Even though we know precisely that some impacts are instantaneous and others may be spread out over hundreds of thousands of years, such as those of radioactive radiation, the difference is here reduced to an arbitrary factor of 100. The bottom line is that most of the seven factors can be evaluated by natural science, albeit with considerable uncertainty, and do not need expert weighting. The scaling wipes out all scientific evidence and along with it any understanding of what a resulting indicator might really mean.

The second part of the JRC expert weighting procedure is a more traditional expert panel judgement of the relative importance of the seven factors. This leads us to another troubling aspect, which is that the seven factors are not completely independent as is required for proper evaluation of (compensatory) weights. Especially the “level compared to planetary boundary” overlaps with all other factors to at least some extent. Moreover, averaging categorical variables is mathematically meaningless, even when the categories appear to be “numerical”.

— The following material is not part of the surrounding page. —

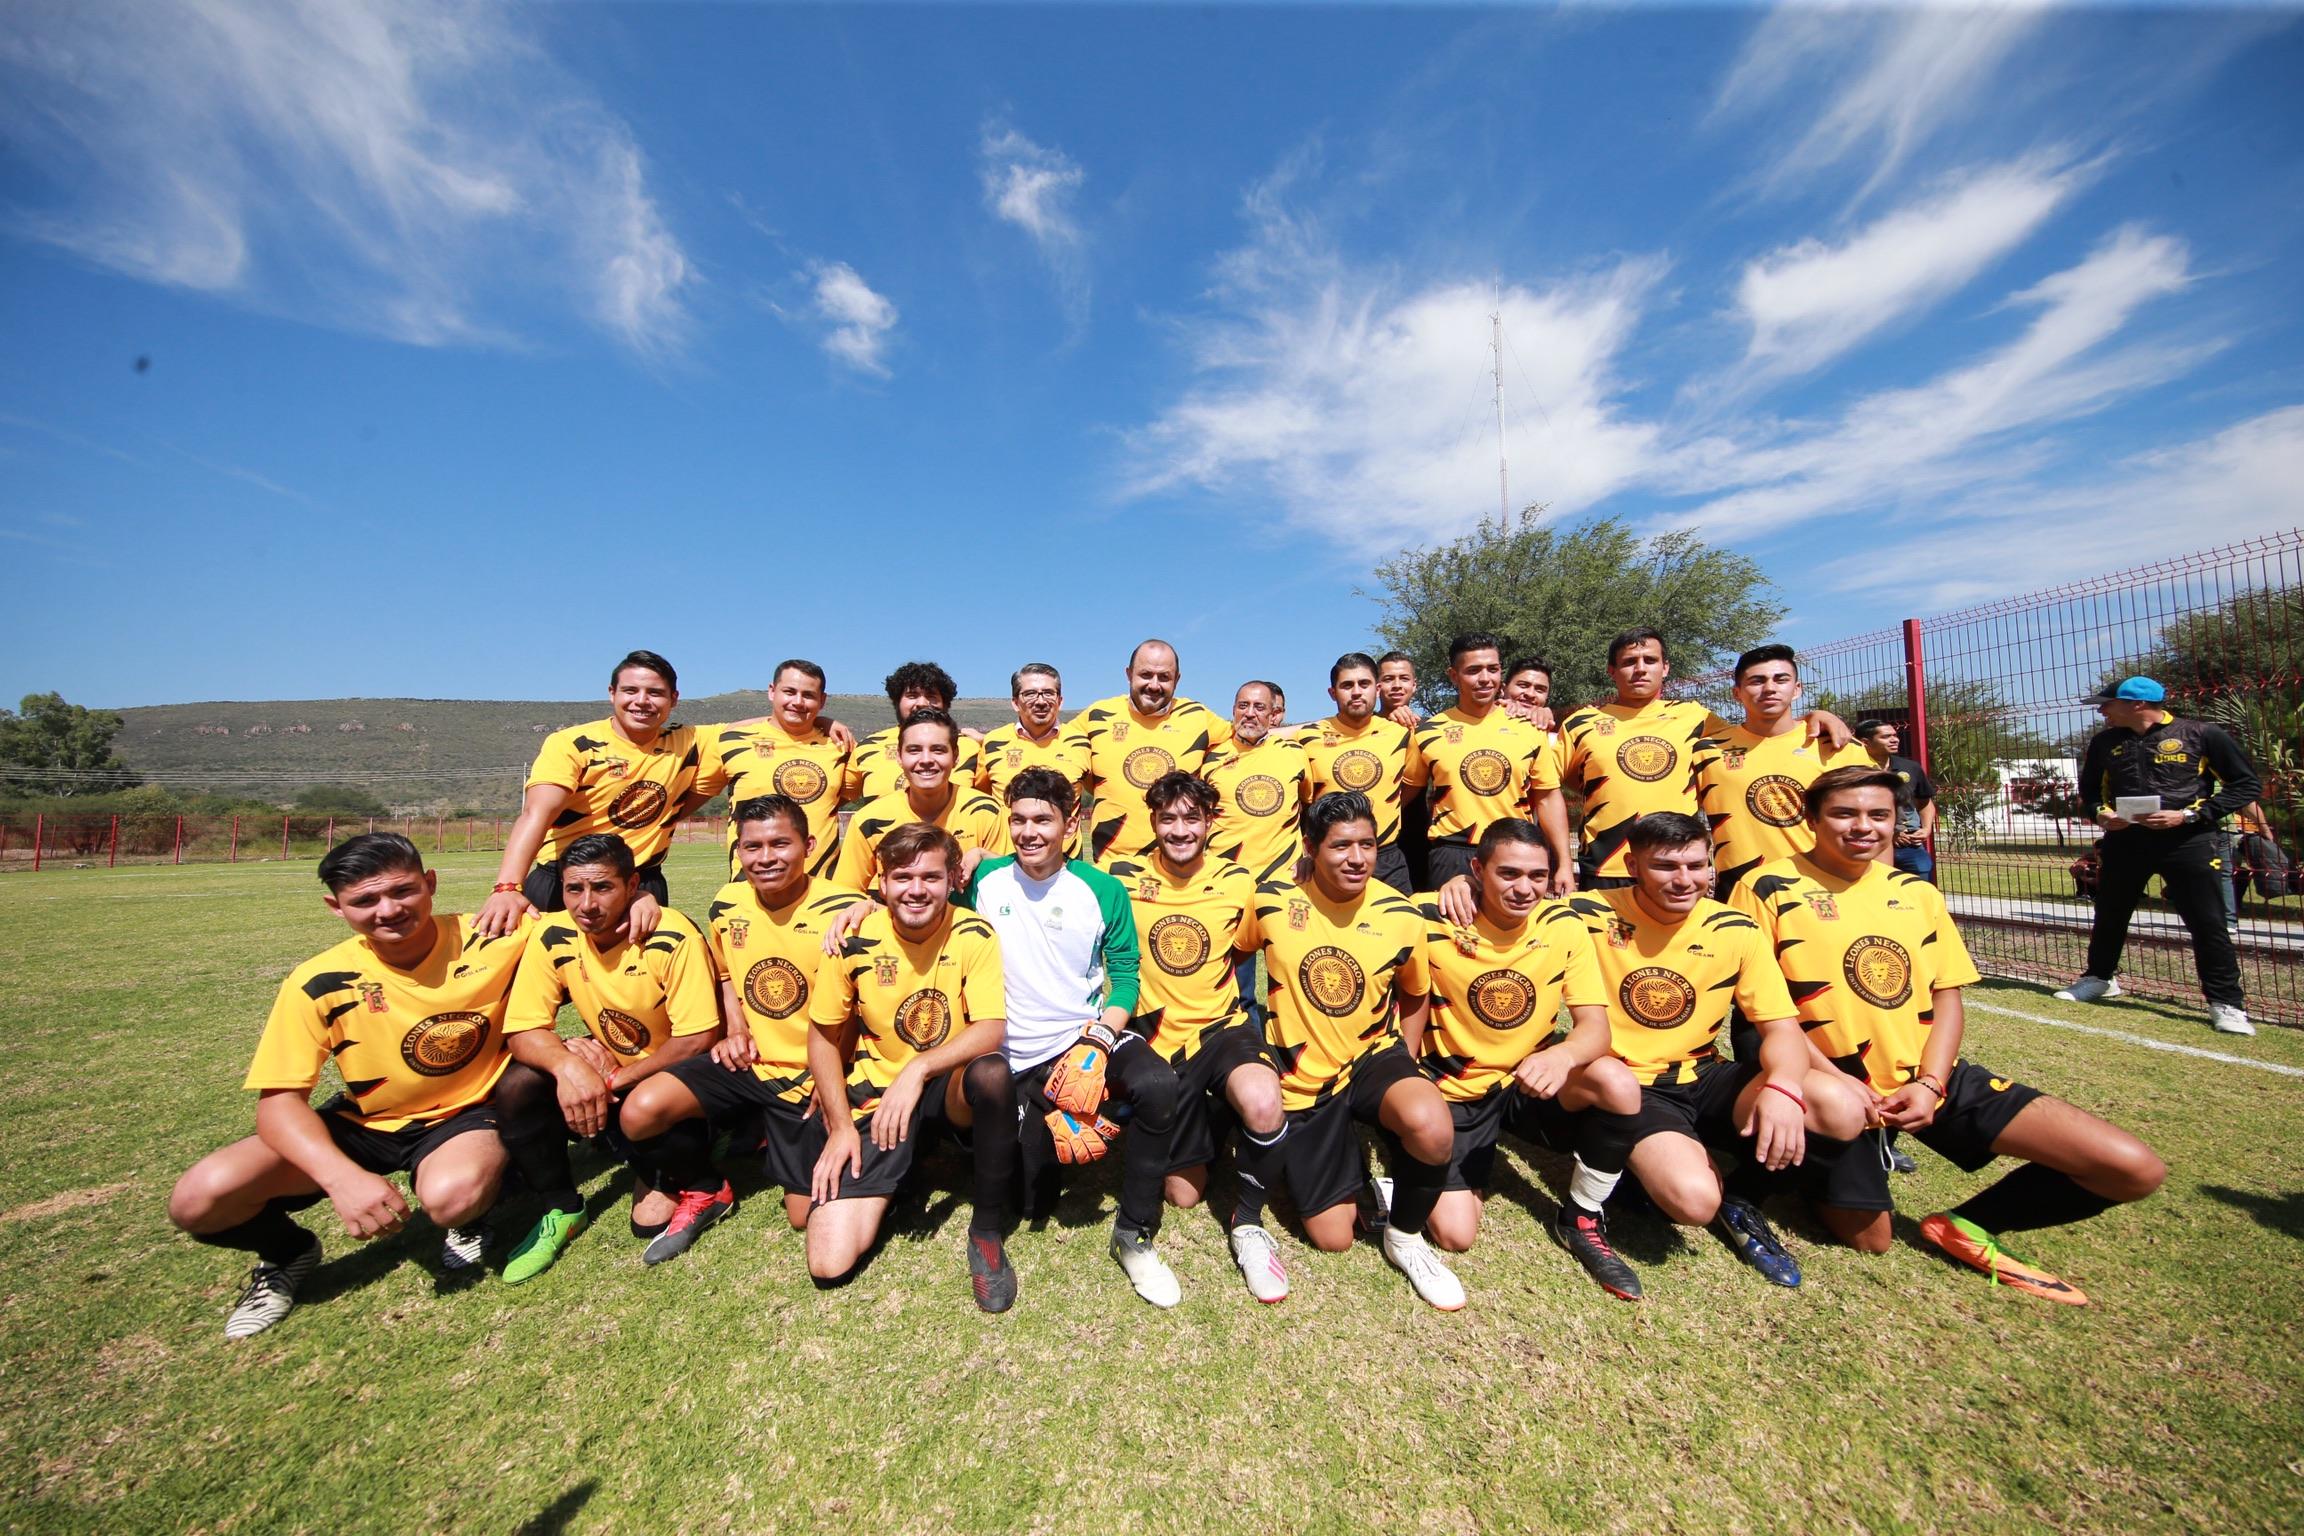 El Rector General de la UdeG con el equipo de futbol Leones Negros de CUNorte
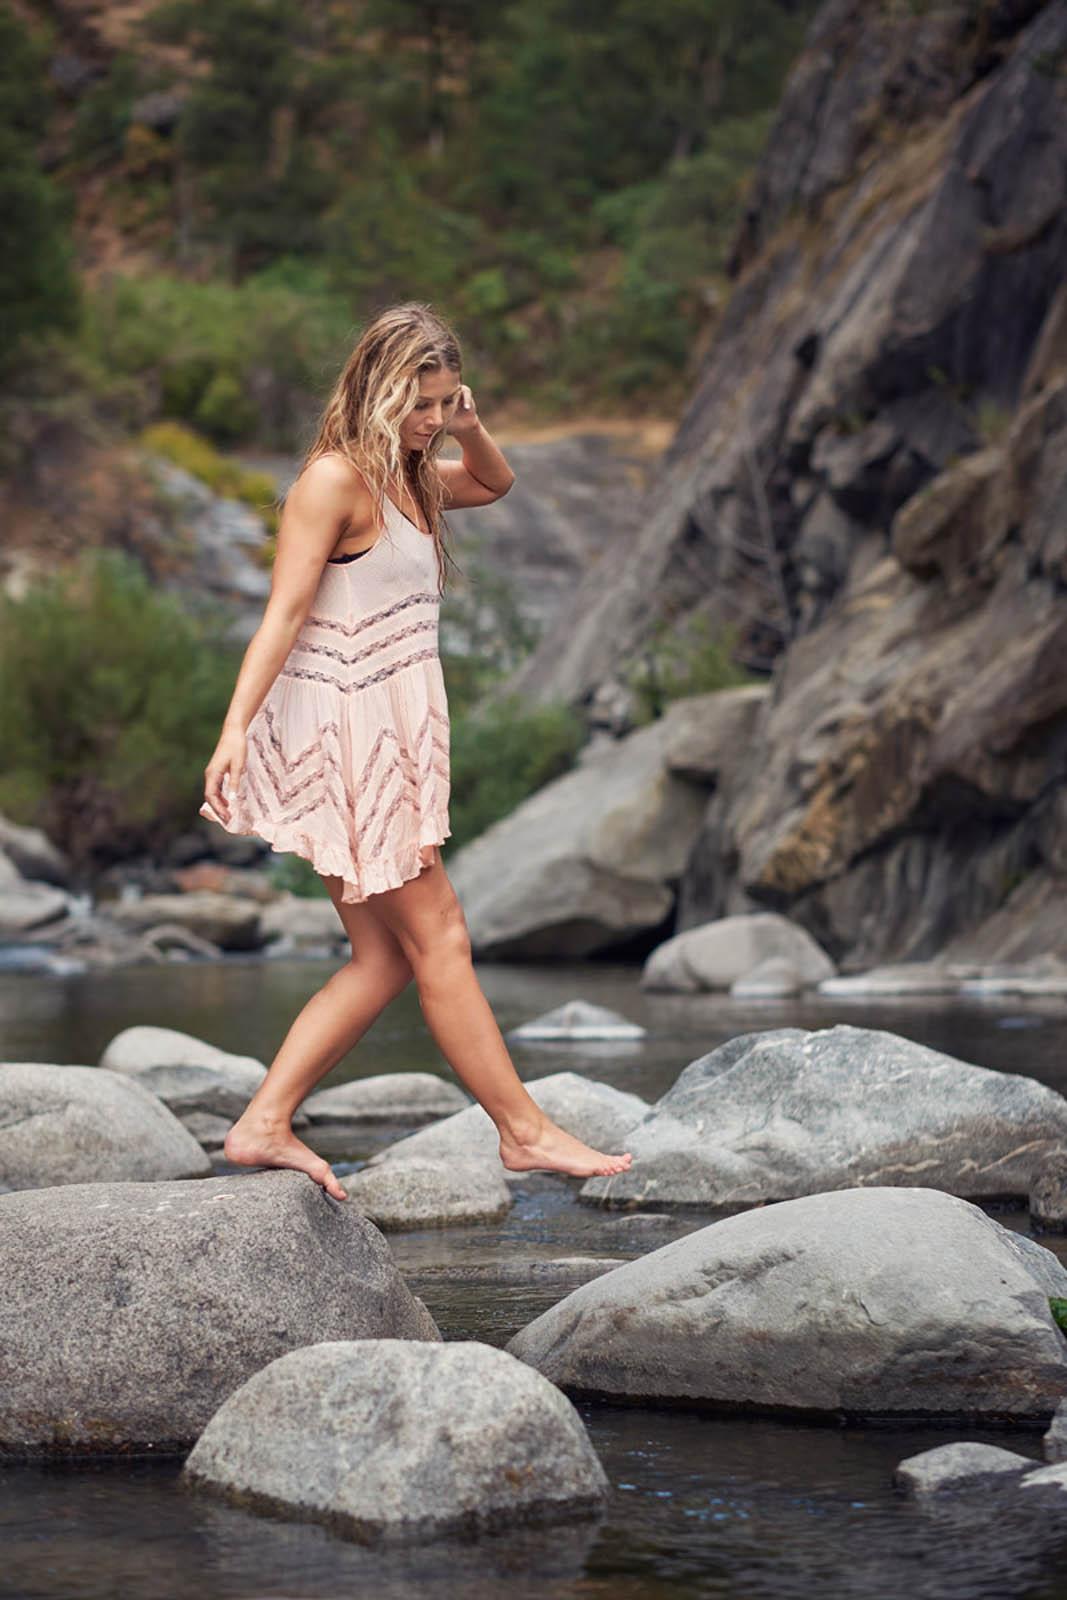 A Barefoot Woman in a Dress Walking Across a Creek.

Finally, this weighting set from the expert panel is averaged with two other weighting sets derived via a different approach. This seriously undermines the transparency of the weighting, which should at all times be straightforward to interpret, not just a set of numbers to arrive at a single score. This is further aggravated by the use of a robustness factor to assess what is in essence uncertainty. Again, this factor involves three arbitrarily scaled ordinal variables that are averaged. The report shows some inconsistencies regarding the final choice for this robustness factor, which is apparently not considered very robust by JRC, since toxicity impacts have been excluded from the benchmark calculations in spite of already having a very low weighting due to their low estimated robustness. The semi-numerical approach gives a false sense of objectivity to this “uncertainty assessment”.

To summarize, the final weighting set is the result of so many mathematically questionable averaging, scaling, and multiplication steps that it is hard to take serious. To allow for proper interpretation of results, weighting sets should be based on clear and transparent principles. It is preferable to use a single-step conversion with a fairly limited but unambiguous perspective, such as weighting based on damage costs.